From Britton’s lemma, we know that the subgroups H := \langle t_0, \dots, t_m \rangle and K := \langle t_0^2, \dots, t_m^2 \rangle of U_2 are freely generated. Therefore, the map t_i \mapsto t_i^2 defines an isomorphism H \to K, and we have the following associated HNN extension

U_3 := \langle y_0,y_1, \dots, y_m , t_0, \dots, t_m,z \mid R, t_iy_it_i^{-1}= y_i^2, zt_iz^{-1}= t_i^2, 0 \leq i \leq m \rangle.

Let V_1 := \langle r \rangle be an infinite cyclic group, V_2:= \langle r,s \mid srs^{-1}=r^2 \rangle a HNN extension of V_1 (in fact V_2 is isomorphic to the Baumslag-Solitar group BS(1,2)), and the following HNN extension of V_2:

V_3 := \langle r,s,t \mid srs^{-1}=r^2, tst^{-1}=s^2 \rangle.

The successive HNN extensions are well-defined because r and s have an infinite order in V_1 and V_2 respectively.

Finally, if w=w(x_1,\dots, x_n) is any word, we define W as the group U_3 \ast V_3 quotiented by the relations r=z and t= [y,y_0].

Notice that, if w \neq 1 in U_0 (or equivalently, in W), then [w,y_0] has an infinite order in U_1, and a fortiori in U_3; in particular, the subgroup \langle z, [w,y_0] \rangle of U_3 is freely generated. Therefore, because the subgroup \langle r,t \rangle of V_3 is also freely generated, W is an amalgamated product of U_3 and V_3 identifying the two previous subgroups. In particular, we have the embeddings

G_2 \hookrightarrow U_0 \hookrightarrow U_1 \hookrightarrow U_2 \hookrightarrow U_3 \hookrightarrow W.

By definition of G_2, we deduce that W does not satisfy \mathcal{M}.

If w=1 in U_0 (or equivalently, in W), we deduce successively

w=1 \Rightarrow t=1 \Rightarrow s=1 \Rightarrow r=1 \Rightarrow z=1 \Rightarrow t_i=1 \Rightarrow y_i=1.

Therefore, W is trivial since it is generated by the elements just mentionned.

To conclude, let G_w := W \ast G_1. If w=1 in U_0, G_w= G_1 satisfies \mathcal{M}. Otherwise, G_2 embedds into W and a fortiori into G_w, so G_w does not satisfies \mathcal{M}. \square

Corollary: There is no algorithm to decide whether or not a finitely presented group is abelian, finite, trivial, free, torsion-free or cyclic.

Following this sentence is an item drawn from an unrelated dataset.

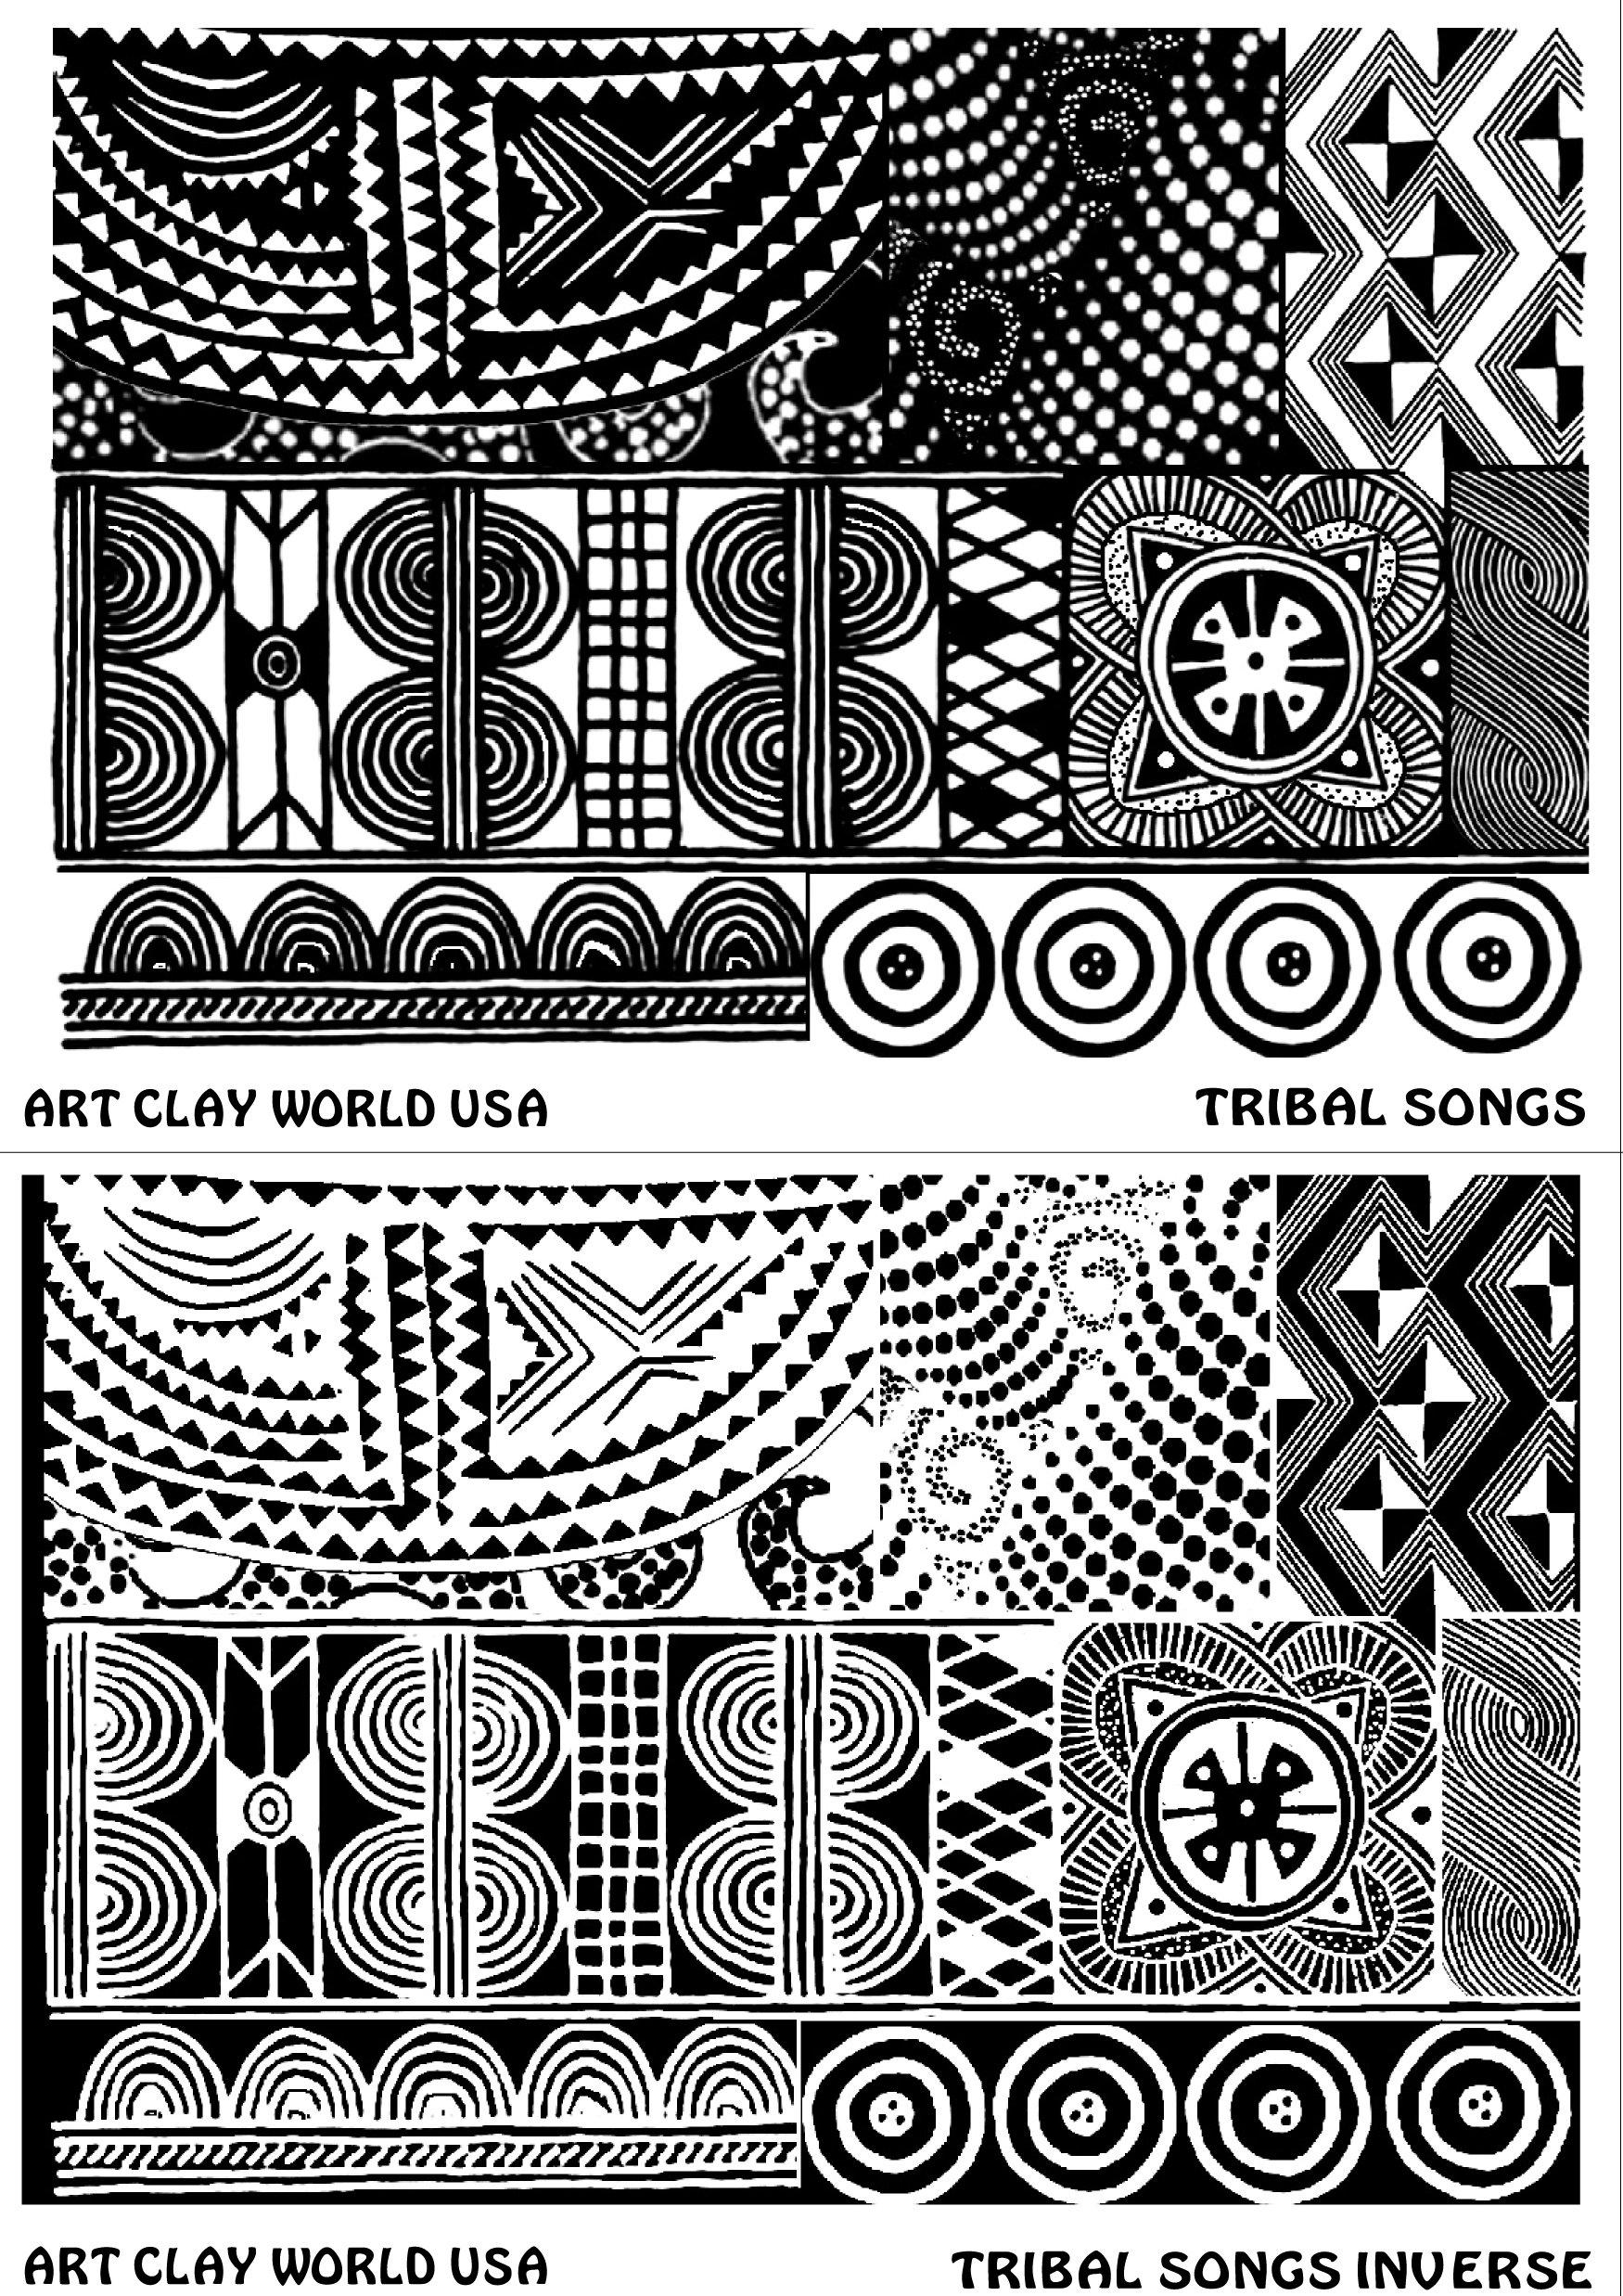 FlexiStamps Texture Sheet Set Tribal Songs Designs (Including Tribal Songs and Tribal Songs Inverse)- 2 pc.

Proof. It is elementary to prove that all these properties, or their negations, are Markov properties. \square

Corollary: There is no algorithm to decide whether or not two presentations represent the same group.

Proof. If there were such an algorithm, it would be possible to decide whether or not a finitely-presented group is trivial. We know that it is impossible according to the previous corollary. \square

We conclude our note with some consequences on decision problems in topology:

Theorem: Let n \geq 4 and G be a finitely-presented group. Then G is isomorphic to the fundamental group of a closed n-manifold.

Sketch of proof. Let \langle x_1,\dots, x_r \mid r_1, \dots, r_s \rangle be a finite presentation of our group G and let M_0 be the connected sum

(\mathbb{S}^1 \times \mathbb{S}^{n-1} ) \sharp \cdots \sharp (\mathbb{S}^1 \times \mathbb{S}^{n-1})   (r times).

Then \pi_1(M_0) is a free group of rank r. In particular, the relation r_1 may viewed as an element of \pi_1(M_0), and so as an embedding f : \mathbb{S}^1 \to M_0; it can be extended to a tubular neighborhood f : \mathbb{S}^1 \times D^{n-1} \to M_0. Let M_1:=M_0 \backslash f( \mathbb{S}^1 \times D^{n-1}). According to van Kampen theorem,

\pi_1(M_0) \simeq \pi_1(M_0 \backslash f( \mathbb{S}^1 \times \{0 \})) \underset{\pi_1(\mathbb{S}^1 \times \partial D^{n-1}) }{\ast} \pi_1( \mathbb{S}^1 \times D^{n-1}).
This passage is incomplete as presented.